So, I'm a big league of legends fan, I don't play as much as I'd like but I like to think that I have mildly good instincts to guess the winner in a professional match. However, as a data scientist I think that it's very possible to create a model to predict a match outcome.
My initial "predict lol matches" google search yielded some interesting results, the one that caught my eye is an implementation that uses a ranked matches kagle dataset, and uses xgboost and shap to both fit a model and explain it. Here's the reference notebook.
Since my go-to programming language is python, the implementation is in python.
I'm trying to be more organized and leave the tedious stuff to other tools, that's why this project uses poetry to handle dependency management.
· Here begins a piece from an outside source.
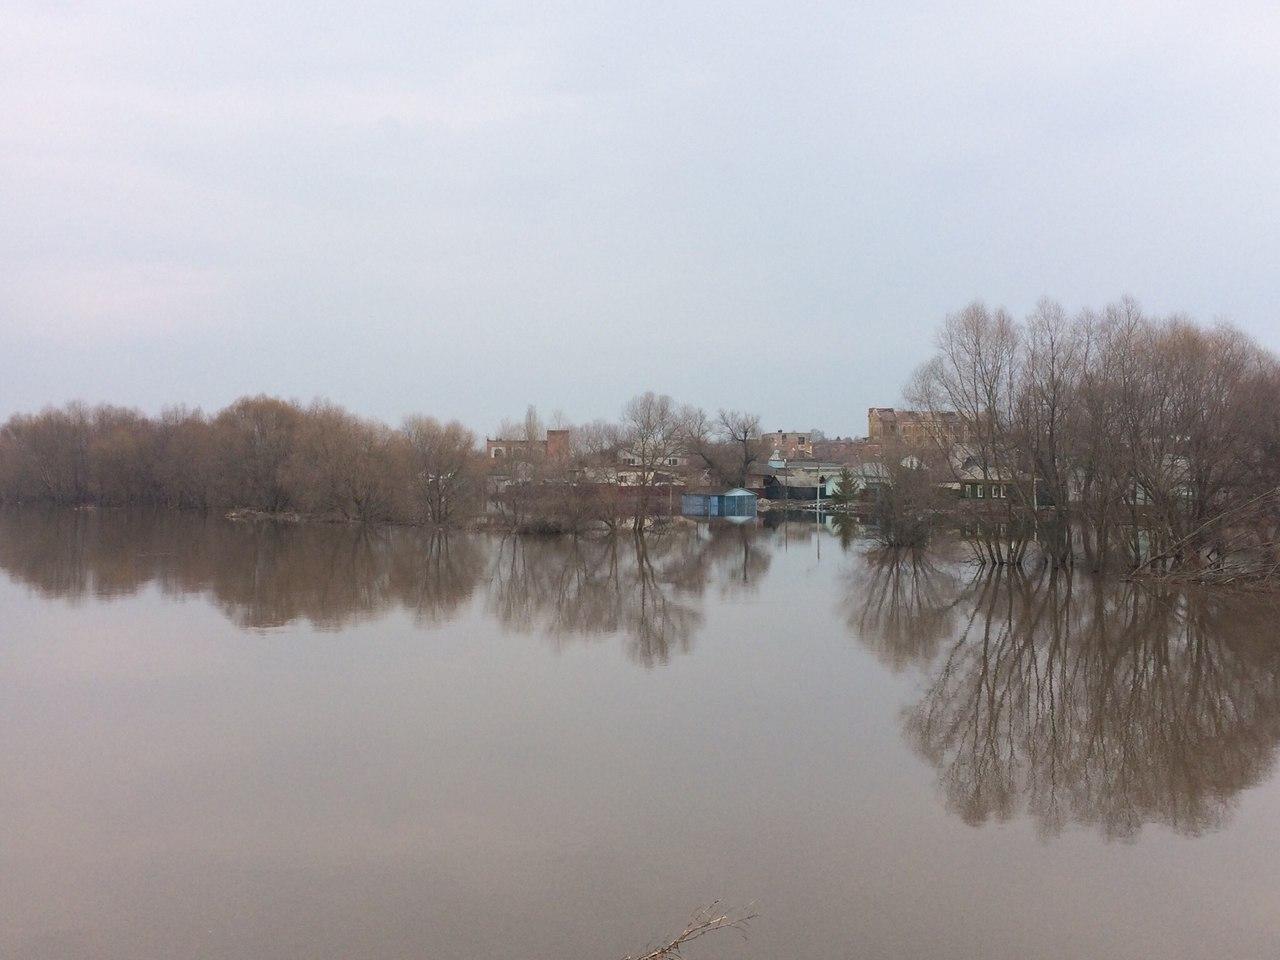 ВБалашове из-за паводка введен режимЧС

One nice thing about poetry is that it can run scripts really easy, like the very simple tests currently implemented.
To setup the project you need to have poetry in your system, since I'm on mac, my prefered way to do it is using homebrew.
# use homebrew to install poetry
brew install poetry
# install the dependencies
poetry install
# run tests
poetry run pytest
To gather match data there's a very simplified version of a "match scraper" (using quotes, because it's not really scraping). Most of the heavy lifting is done by the riotwatcher
python package.
To use the MatchScraper
class, you only need to set the environment variable RIOT_API_KEY
to a valid riot API key, you can get a free 24 hour one from the riot developer portal, or submit a request for a long-lived key.
The implementation in this repo is done in the get_matches.py
module, currently this script runs inside a raspberry pi gathering data and saving it to an s3 bucket using the S3Helper
class.
Currently three data sets are being saved to an s3 bucket: matches, teams and participants. Once the data is available in s3, databricks is used to process the raw data and save it to the s3 bucket again.
The data pipeline can be found in the notebooks
directory, currently there's only one version of the dataset, but that's enough to get started.
So far this stage is in very early development, we're trying to accomplish a full end to end model deployment, and to acomplish it we'll be using mlflow. We've setup an mlflow tracking server on aws using EC2, but that's mainly the fancy part.
For modeling we've though of submitting pull requests that train a model and report on model results, this to evaluate the performance of models and make a decision on which might be the right one for the job.